While no one here thinks Vazkoya is going to be Kenya’s next leader (he gets about 2% of the vote in the elections), in a tight contest he forces two front-runners – current Vice President William Ruto and veteran opposition campaigner Raila Odinga. Can do. – In a second round run-off if neither side receives more than 50% of the vote during Tuesday’s election.

And the excitement generated by Wazakoiah’s candidacy—his convoy being surrounded when he stops at Mwea—suggests that many Kenyans want a new way of doing things.

“In Japan, if you steal, they give you a chance to commit suicide,” Wazakoiah said. “In Kenya if you steal, you either go to Parliament or you go to the Senate.”

In their Kenya, corrupt politicians will be given the choice of how to die. He smiled big as the crowd cheered on that remark and then introduced his most popular policy proposal.

“We have to change our mindset to look at economics and fix those economics – and the only way to fix economics is to grow weed!” He shouted into the microphone.

Suddenly, you felt the excitement pouring out in every nook and corner of the city. Teenage girls screamed with excitement, and the crowd broke into Kiswahili chants of “Bhangi! Bhangi,” or pot.

Maureen Konda, watching the rally, says that young people misunderstand Vazcoya. She says she’s not talking about smoking weed.

“He is talking about exporting it – to make the people rich, to make the country rich,” she said.

Simon Machira, 57, agreed wholeheartedly.

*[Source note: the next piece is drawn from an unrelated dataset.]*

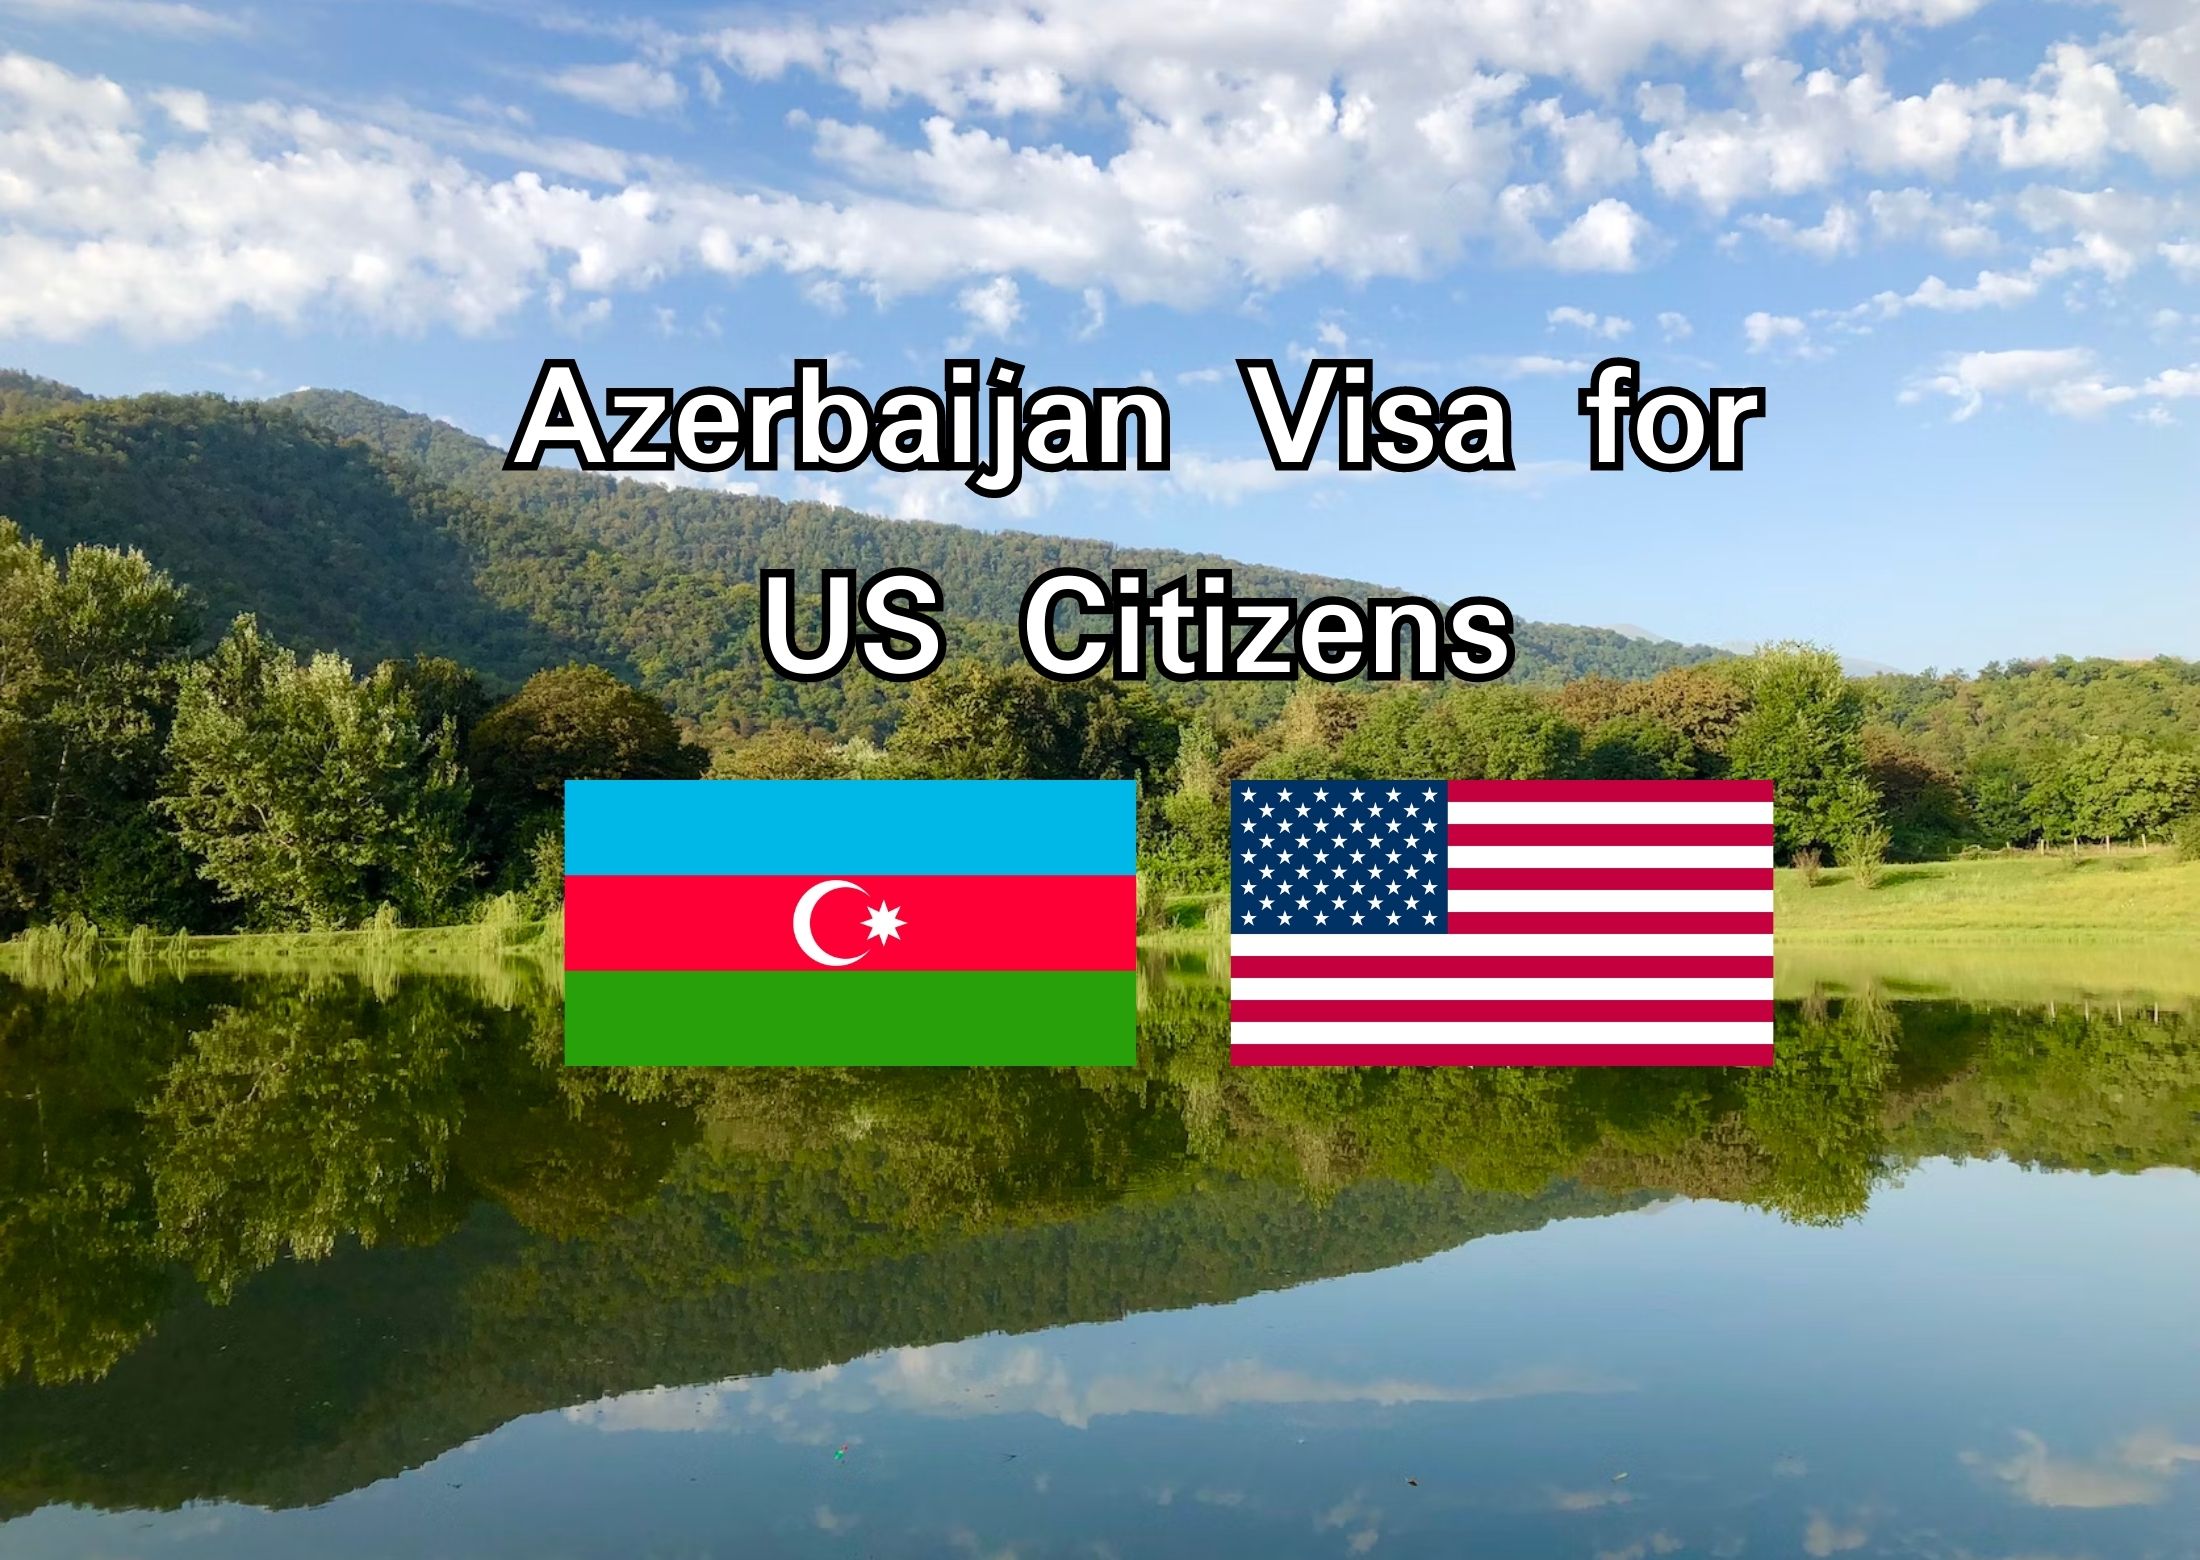 Azerbaijan visa for US Citizens

“The Kenyan government has asked us to plant tea, plant cotton, but to no avail,” he said. He said that even after years of promises of the government, politicians are still corrupt and people are still poor, so maybe now is the time to make some revolutionary efforts.

Nagla Chom, a political analyst at Sahan Research, a Nairobi-based think tank, called Vazkoya’s policy proposals “humorous”.

But, he said, they are all tied to what Kenyans care about most in this election: the economy.

He says Wazakoiah’s campaign is part of something new to do in Kenya. In the past, politics has centered around tribalism. But this time, with higher inflation, fuel shortages and higher employment, the economy is the more powerful message. And even a modest candidate like Vazcoya might feel the same way.

“That’s tapping into the spirit of people who are in debt, people who are basically broke,” he said.

Chom said he doubted any of his promises would be fulfilled. But Wazakoya’s campaign points to a positive development in Kenyan politics: for the first time, he said, politicians are being forced to think about the issues Kenyans care about most.

Away from the rally, Vazcoya showed his serious side. He transformed from showman, dancing to the reggae atop a vehicle, to a lawyer defending his radical proposals.

He said medical marijuana could be sold to Israel. And if you kill some corrupt politicians, he said, you will free the country from corruption.

“African problems can be solved,” he said. “It’s very simple. That’s why I’m telling the president too, I’m saying [front-runner] Raila Odinga, I’m Telling [front-runner William] Wait, ‘Take back the money you stole, or I’ll kill you.'”

Wazakoiah sees a lack of industry in the country and proposes to sell dog meat to China. He looks at the weary Kenyans and proposes a four-day work week.

When asked by this reporter whether he was providing false hope to the Kenyans, with a simple answer, he sighed. He said that China and the Philippines have solved big problems, why not Kenya?

When this reporter mentioned that both of those countries had blatant human rights records, he scoffed.

“Human rights my a**,” said the human rights lawyer. “Come on. Let us liberate our country first and then do what we have to do.”

John Odiambo contributed to this report.